## What you should do
From the line containing "Vertebral plate rongeur machining clamp" to the last line of the listing, both included, copy every line exactly and drop the pictures.

## Material provided

= = =

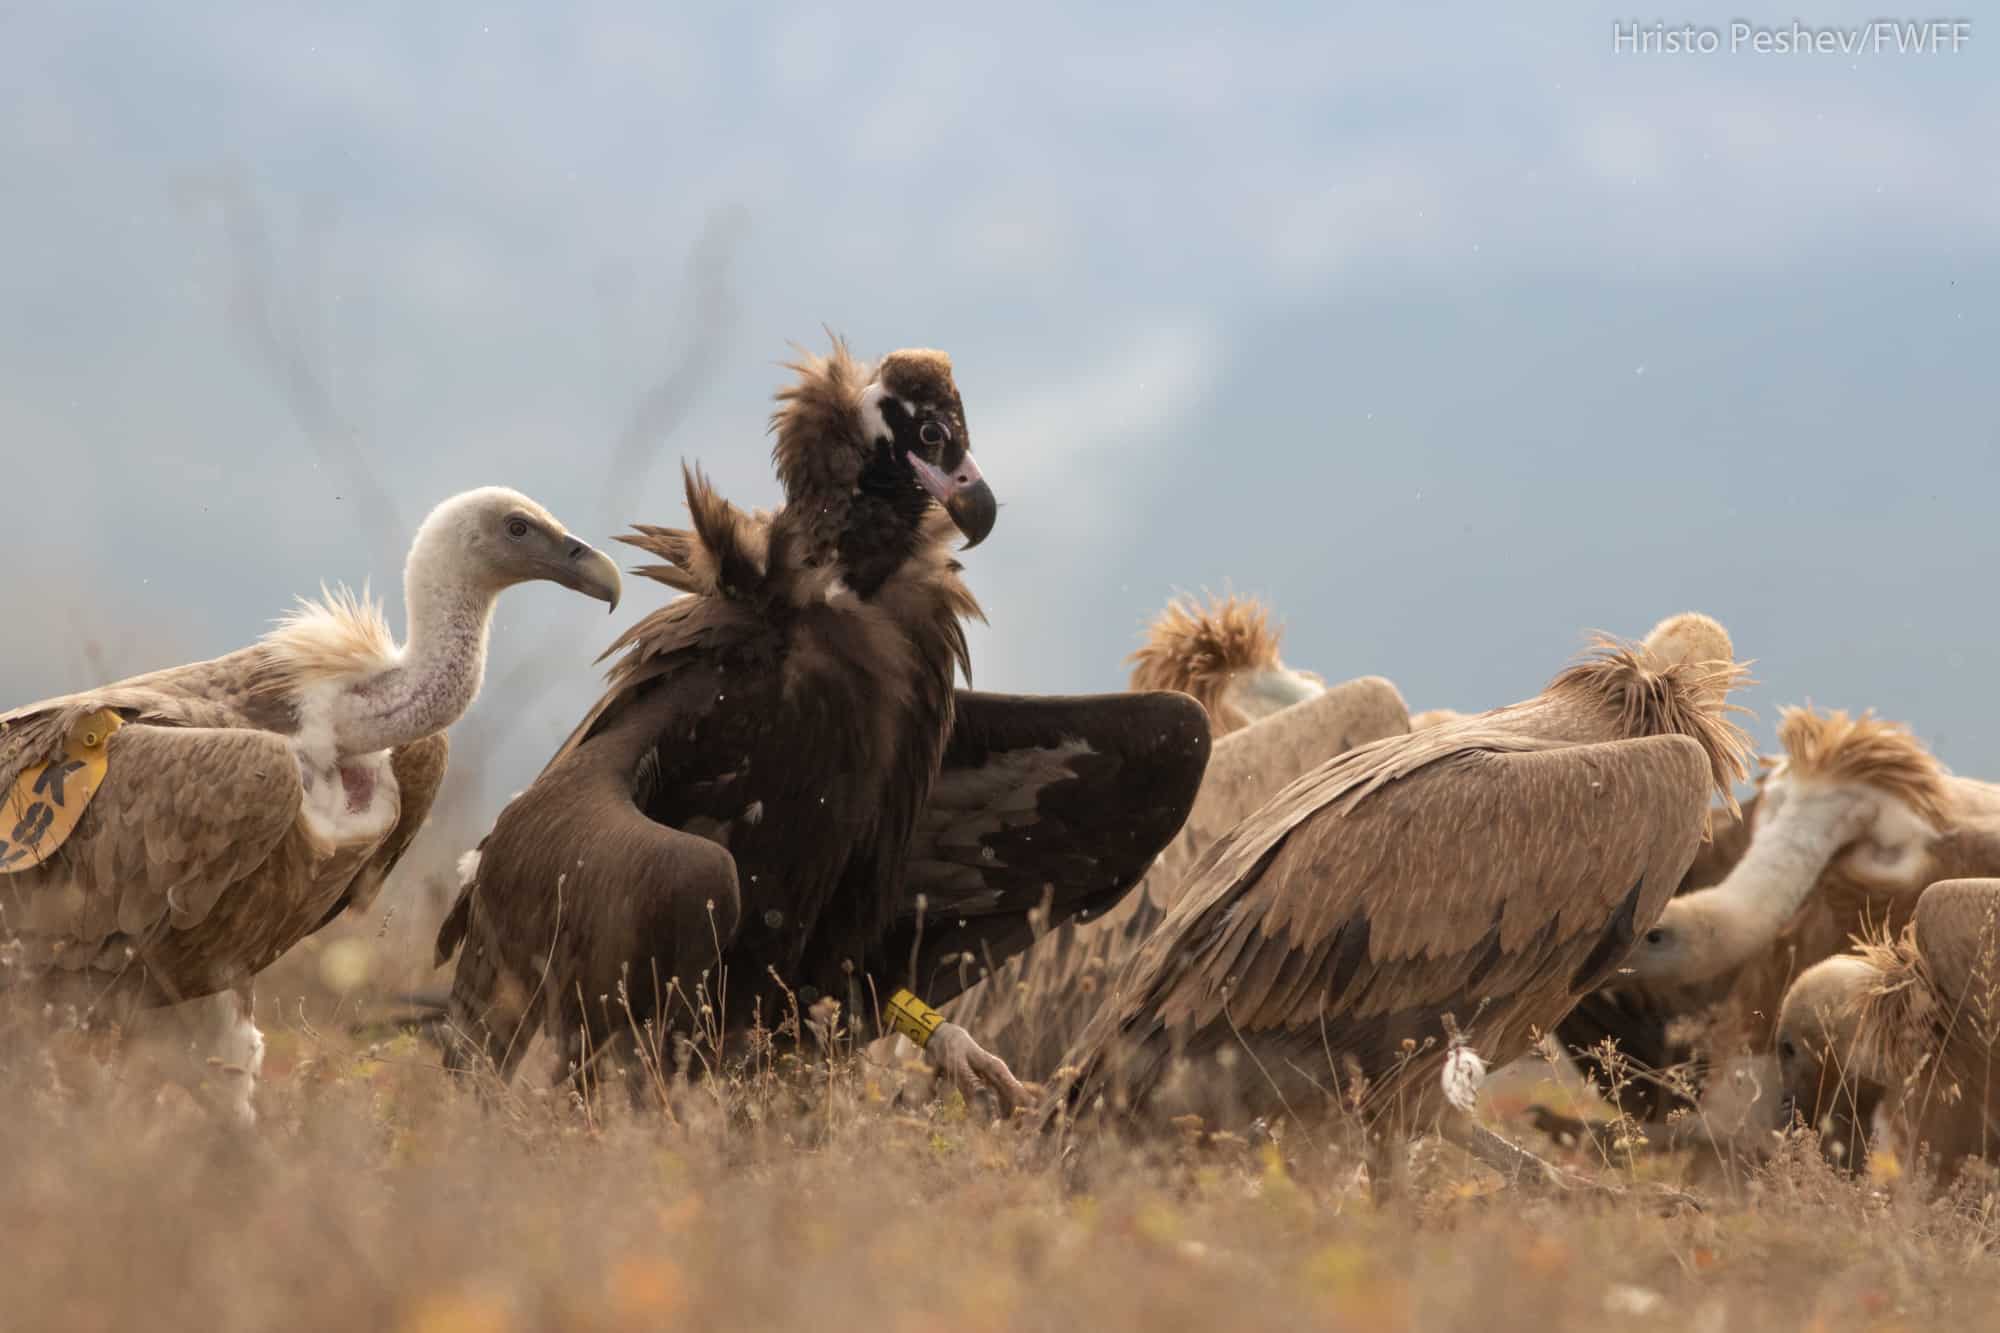 A cinereous vulture stands among griffon vultures.
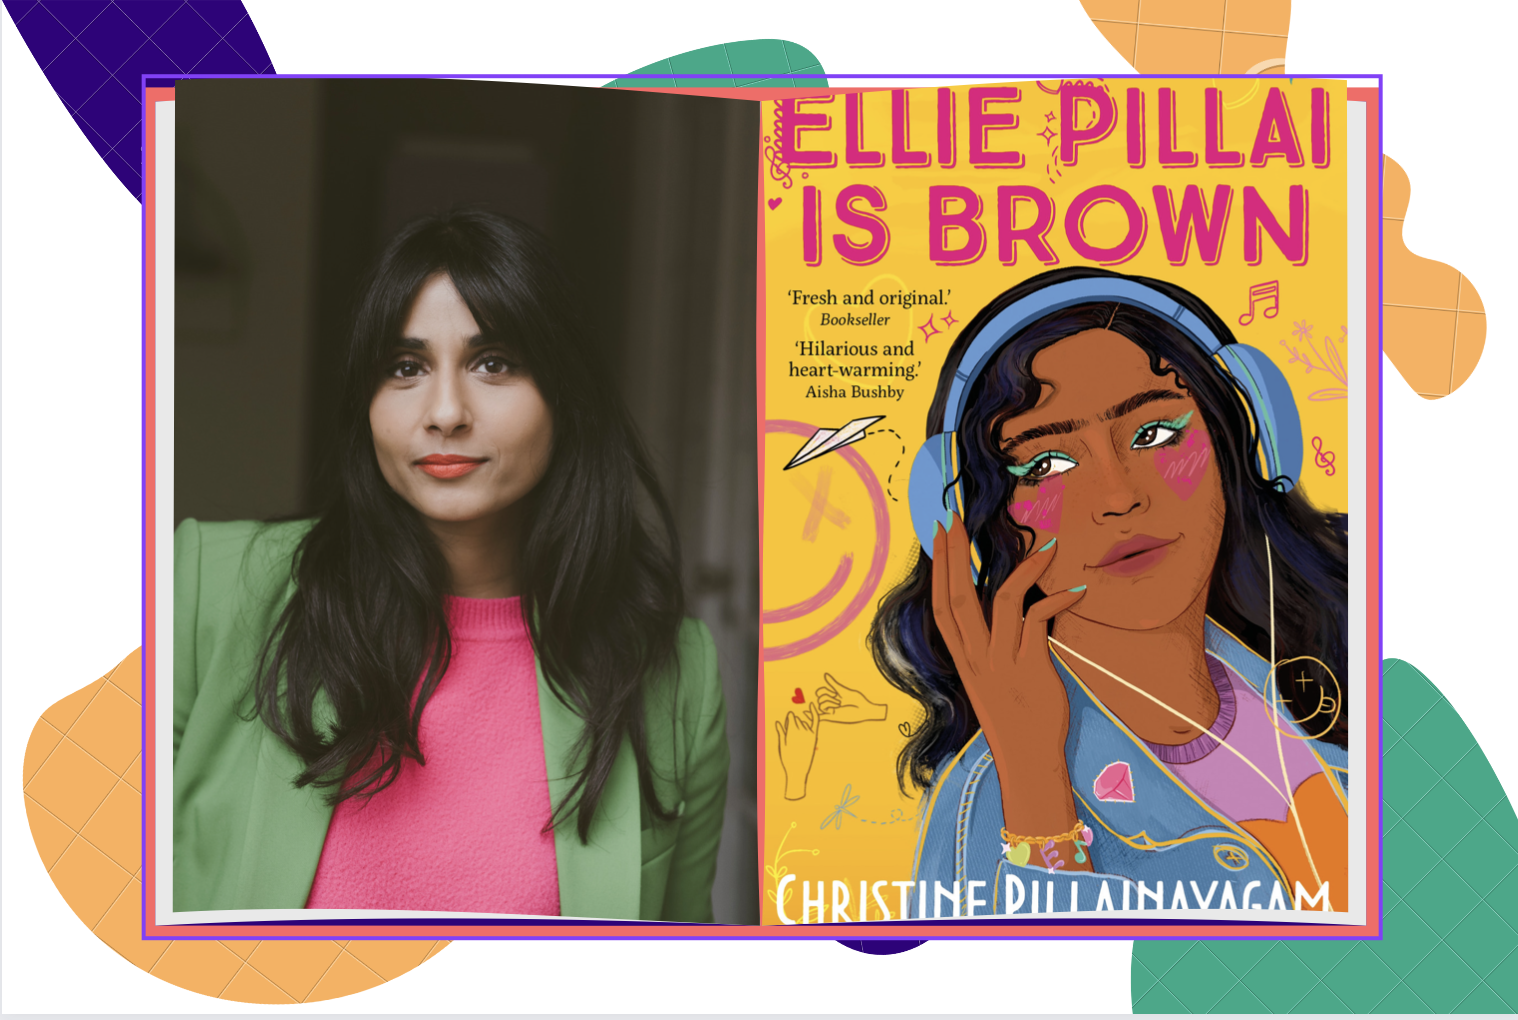 Ellie Pillai Is Brown': Christine Pillainayagam's Joyful Youth Novel of a  Music-Obsessed Tamil Teen
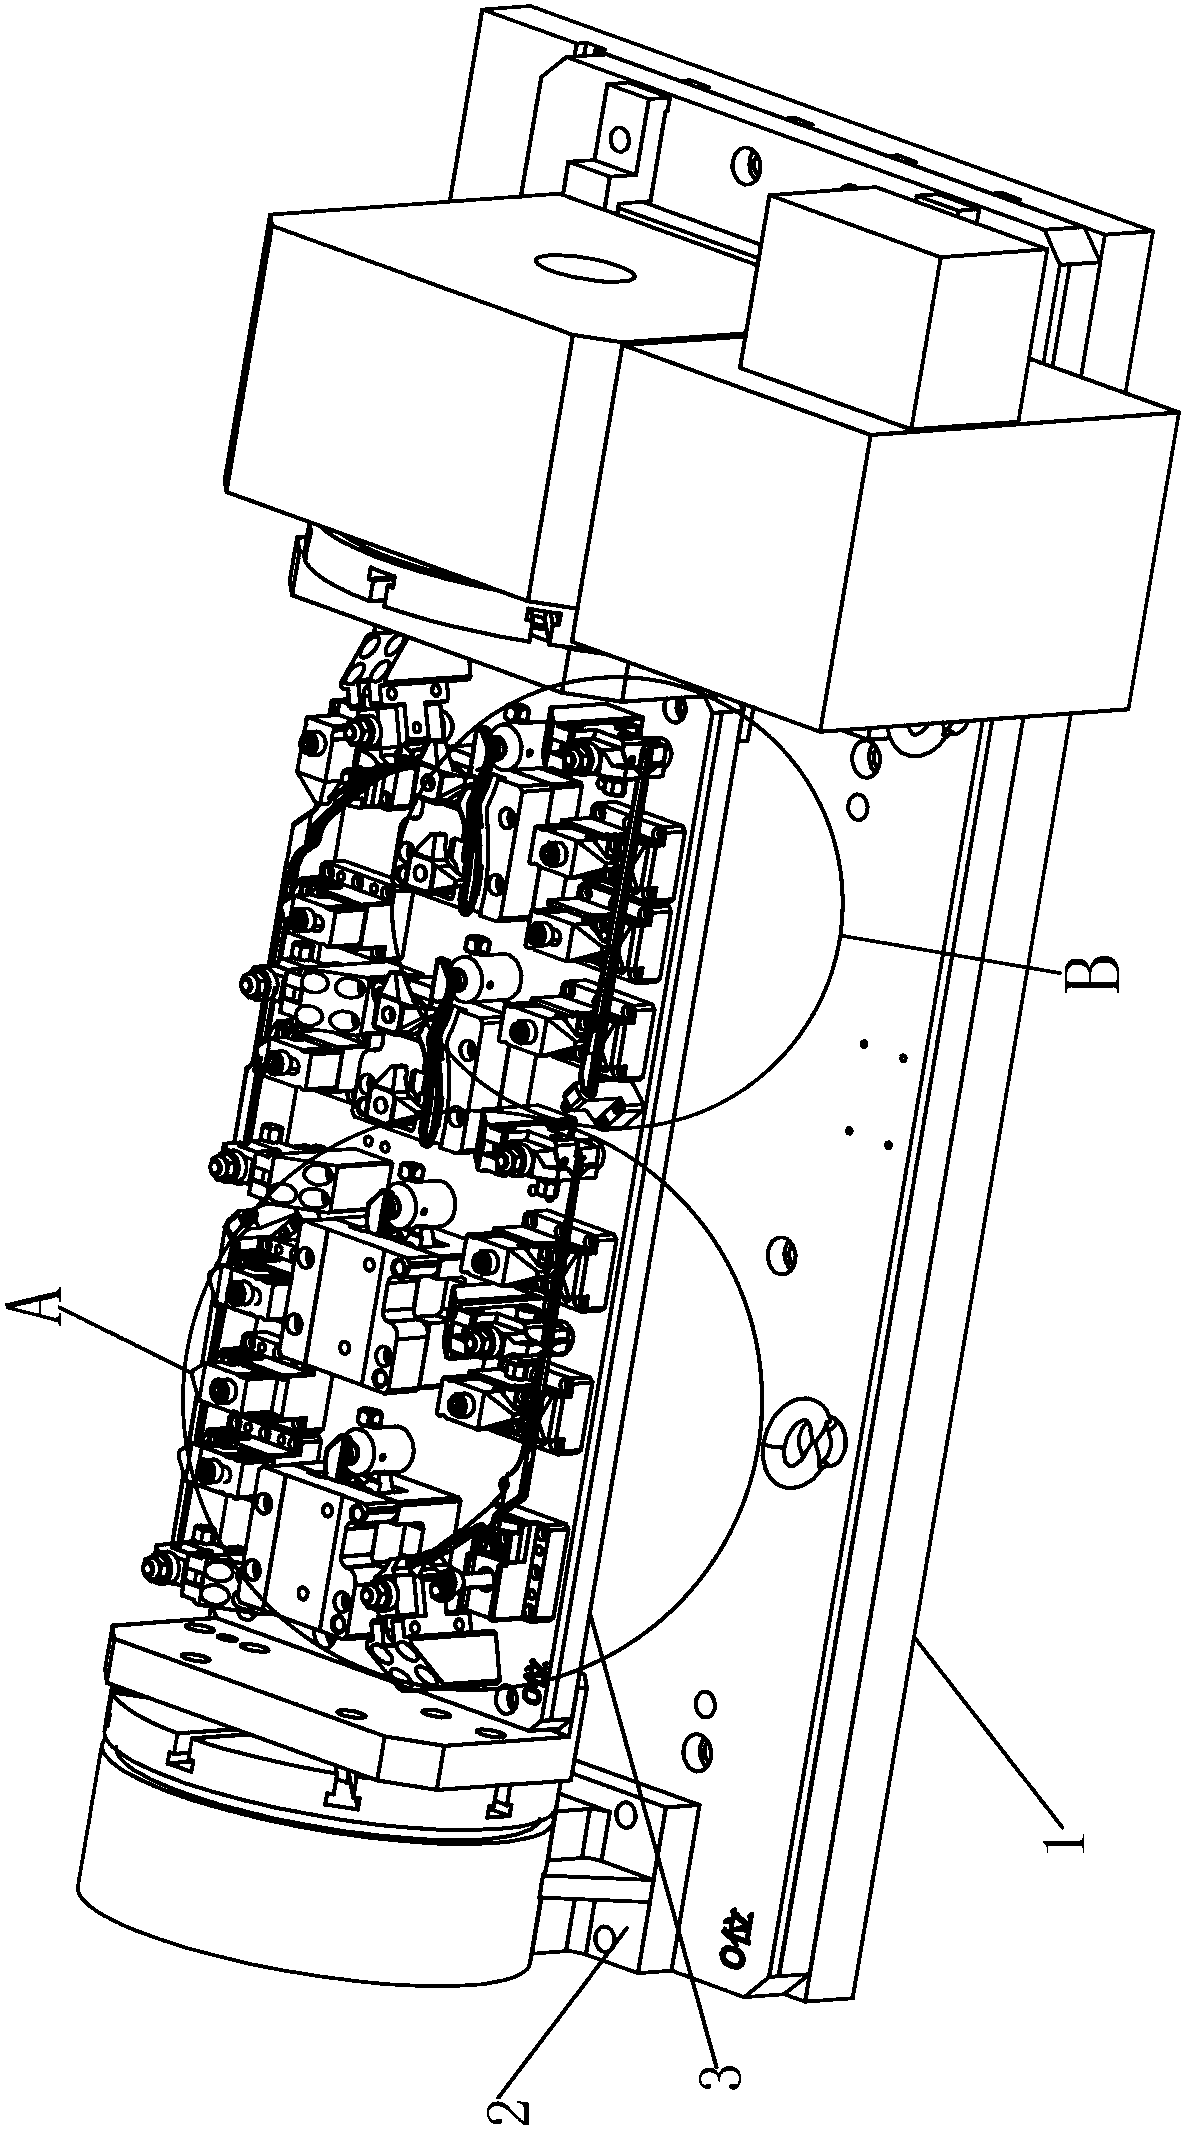 Vertebral plate rongeur machining clamp
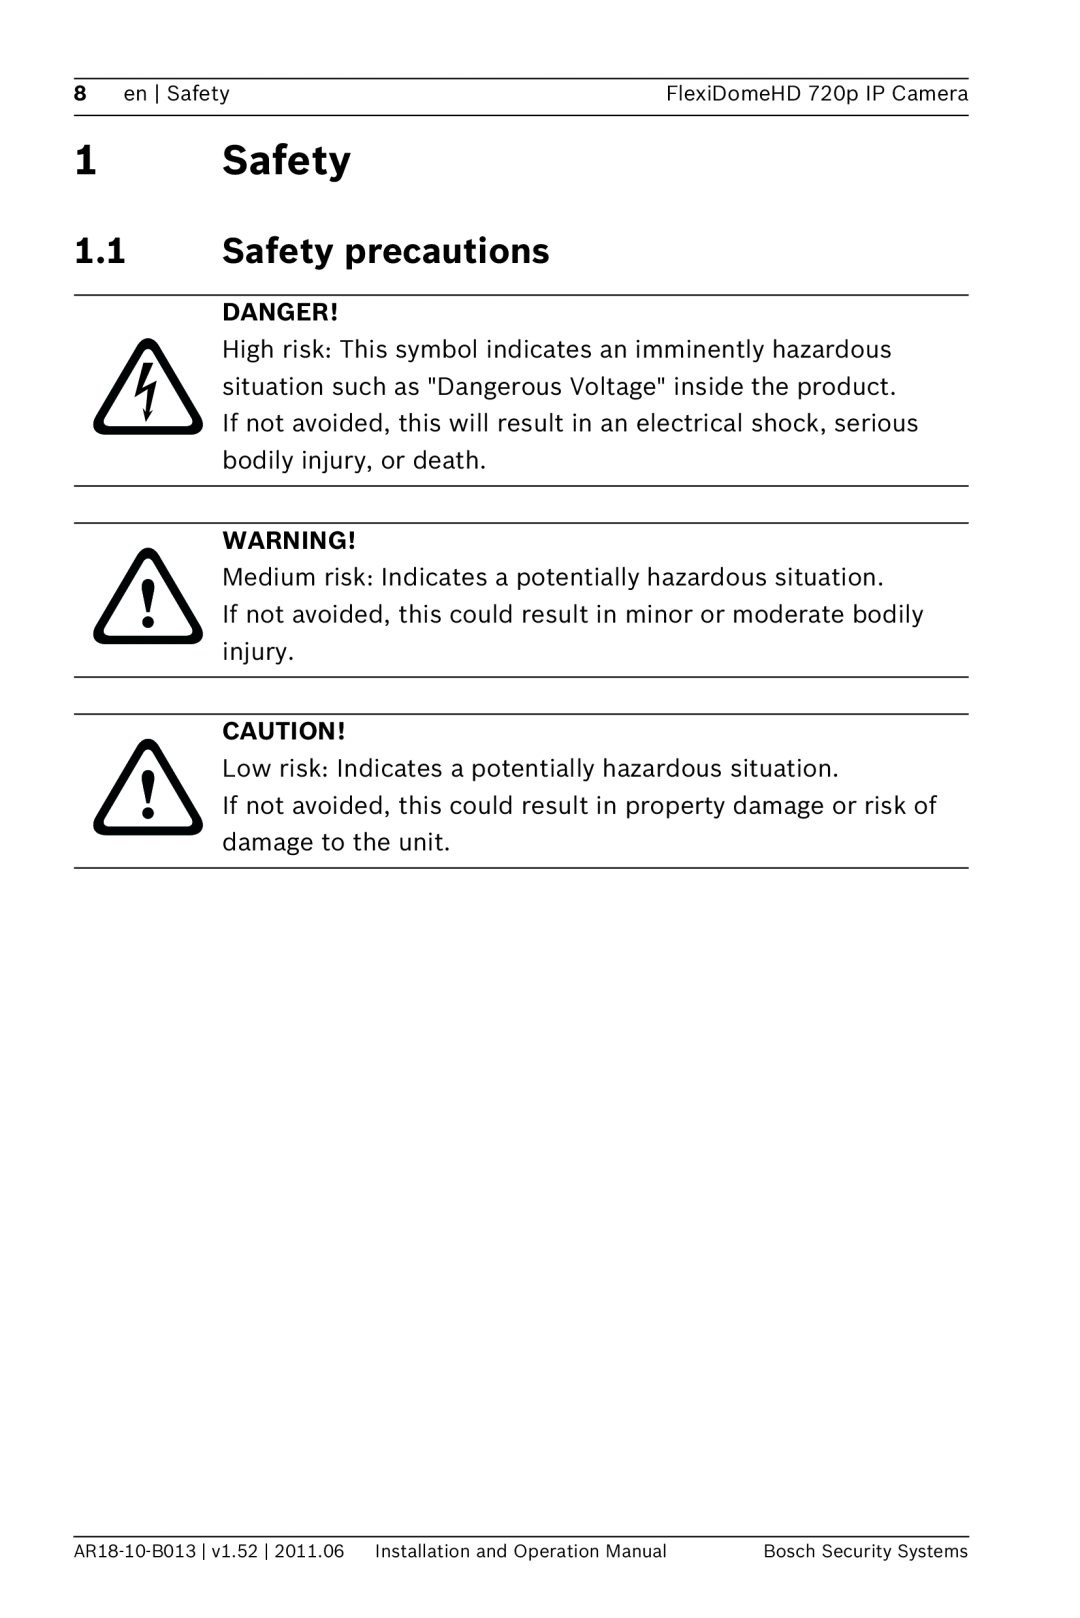 Bosch Appliances NDN-921 operation manual 1.1Safety precautions, Danger

= = =

## Written solution
 Vertebral plate rongeur machining clamp
 Bosch Appliances NDN-921 operation manual 1.1Safety precautions, Danger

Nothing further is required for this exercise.